The latest glimpse into the government's position on 'fire and rehire' came recently from Paul Scully MP, Parliamentary Under-Secretary of State for Business, Energy and Industrial Strategy: in parliament last month, Mr Scully suggested that, while the government holds it to be 'completely unacceptable' to use the threat of 'fire and re-hire' to put undue pressure on employees to agree to changes, and that it 'should only ever be used as an option of last resort', the government is keen not to overstep the mark in considering what, if any, government intervention is appropriate in commercial contractual matters between private parties.
But for now, and as the current law stands, the key two things for employers using the practice to consider are:
  1. Do they have a sound business reason for making the change? If so, they will likely be held to have 'some other substantial reason' as a potentially fair reason for dismissing employees who refuse to accept the new terms. The test for this is not what the employment tribunal considers a sound business reason, but that which a reasonable employer would consider so; and, whilst the change need not be crucial to the survival of the business to constitute a sound business reason, the employer must be able to adduce evidence as to the business reason for the change.
  2. Have they followed a fair procedure, and undertaken a detailed consultation where necessary (collective consultation obligations apply when the change affects 20 employees or more), including considering any reasonable alternatives, before dismissing employees who refuse to accept the change? A dismissal for failure to agree to the new terms will almost always be unfair where the employer has not followed these steps, no matter how sound the business reason for the change.

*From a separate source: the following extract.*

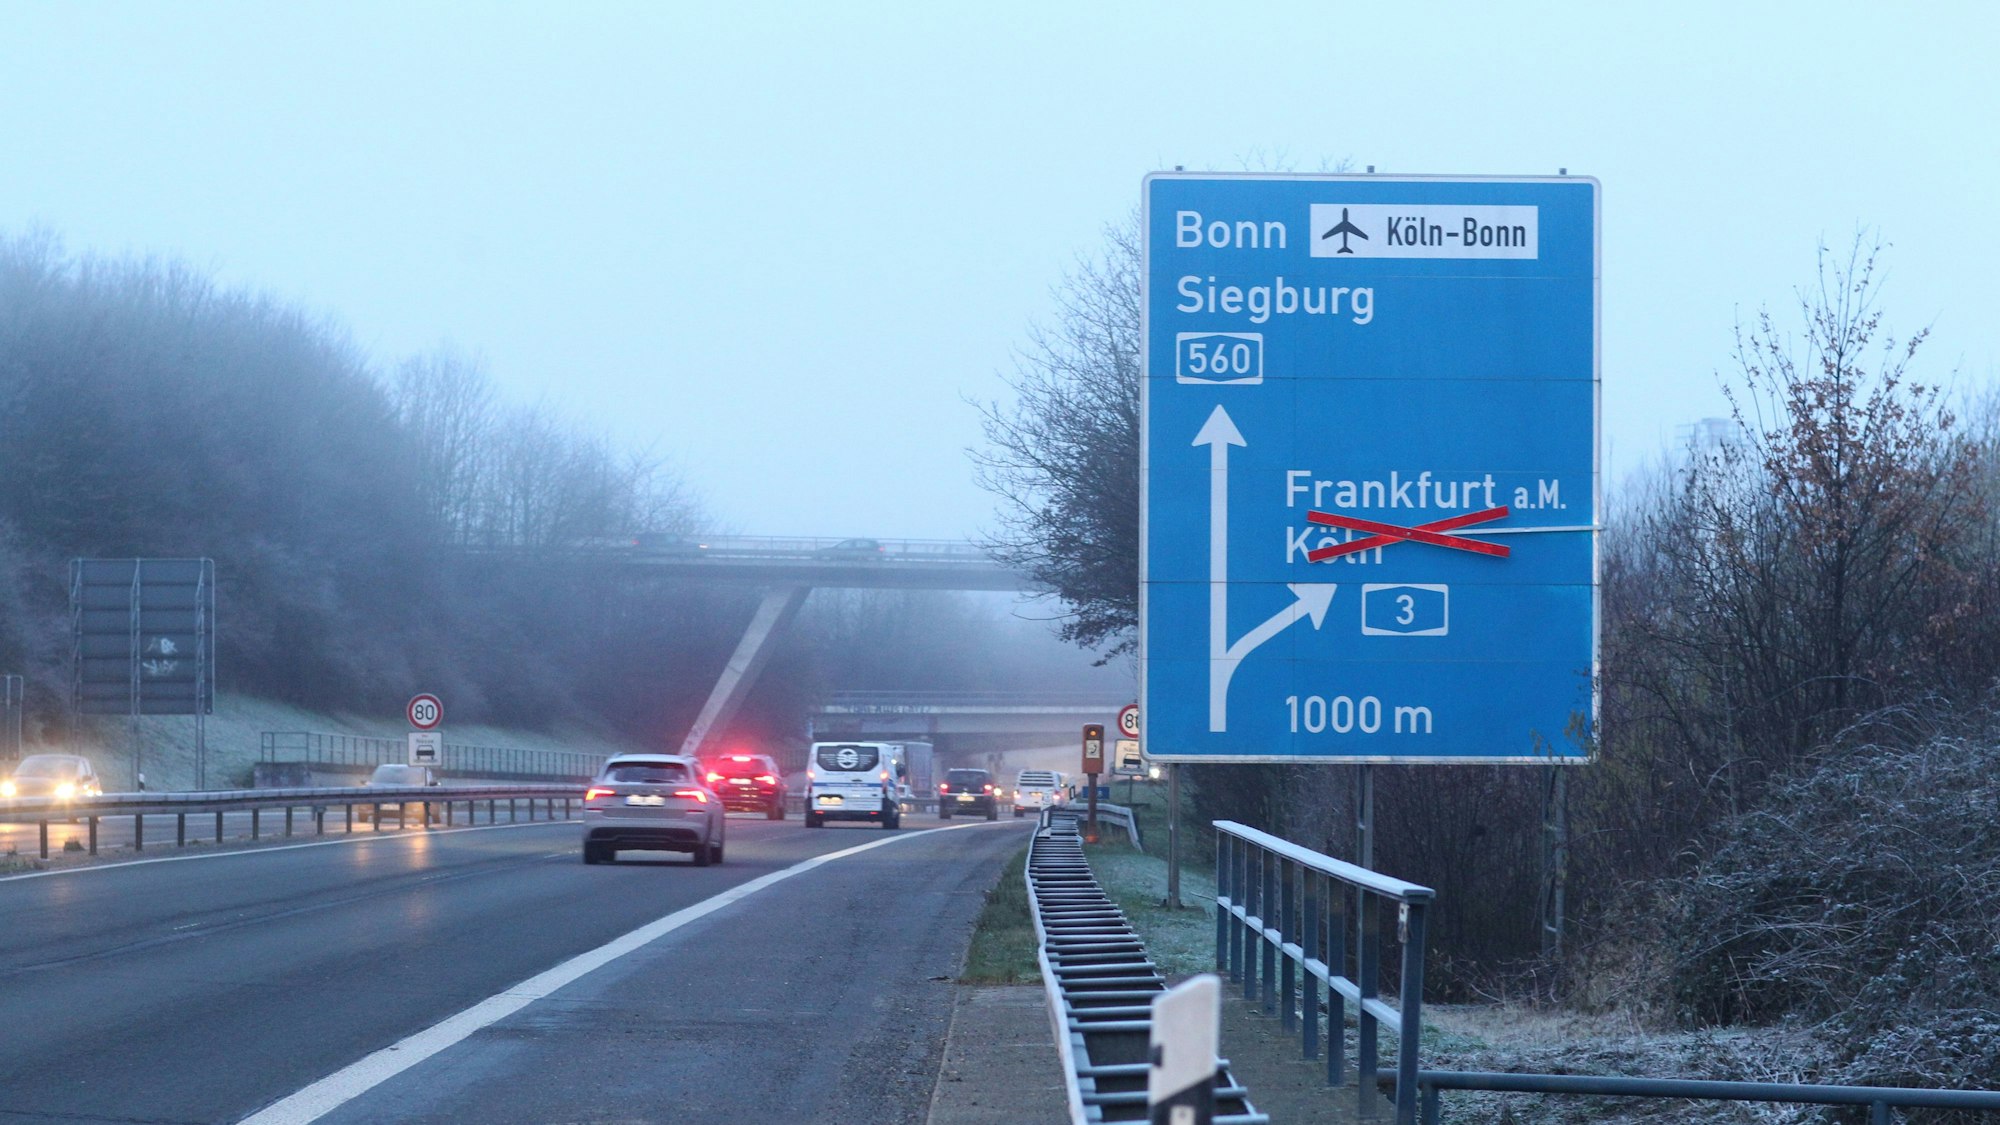 Autos bremsen auf einer winterlichen Autobahn, die Rücklichter leuchten. Im Vordergrund steht ein blaues Schild, das die Fahrspur der A560 Richtung Bonn und Siegburg anzeigt. Der Pfeil Richtung Köln ist mit einem Kreuz durchgestrichen.

In balancing the interests of the employer and employee in circumstances where an employee has been dismissed for failing to agree to proposed changes, an employment tribunal will typically take the following factors into account:
  • The employer's motives for introducing the changes
  • The employees' reasons for rejecting the changes
  • Whether the employees were given reasonable warning of the proposed changes
  • Whether the changes and full effect of those changes have been sufficiently and clearly explained to the employees
  • Whether the employer has undertaken an assessment of the impact of the changes on employees and whether it has considered alternatives to any changes
  • Whether the employer has attempted to obtain the employees' voluntary agreement to any of the changes
  • Whether a reasonable and genuine consultation process with the affected employees has taken place. This will include listening to their reasons for rejecting the changes, responding reasonably to objections and making concessions, where reasonable to do so
  • Whether a majority of the employees affected have accepted the changes
  • Whether any recognised trade union recommended or objected to the changes
Employers should therefore approach the use of the 'fire and rehire' tactic with caution, taking the above wide array of factors into account, and resourcing legal advice where necessary. They should also look out for an expected change to the law in this area, be it this year or in the following years to come.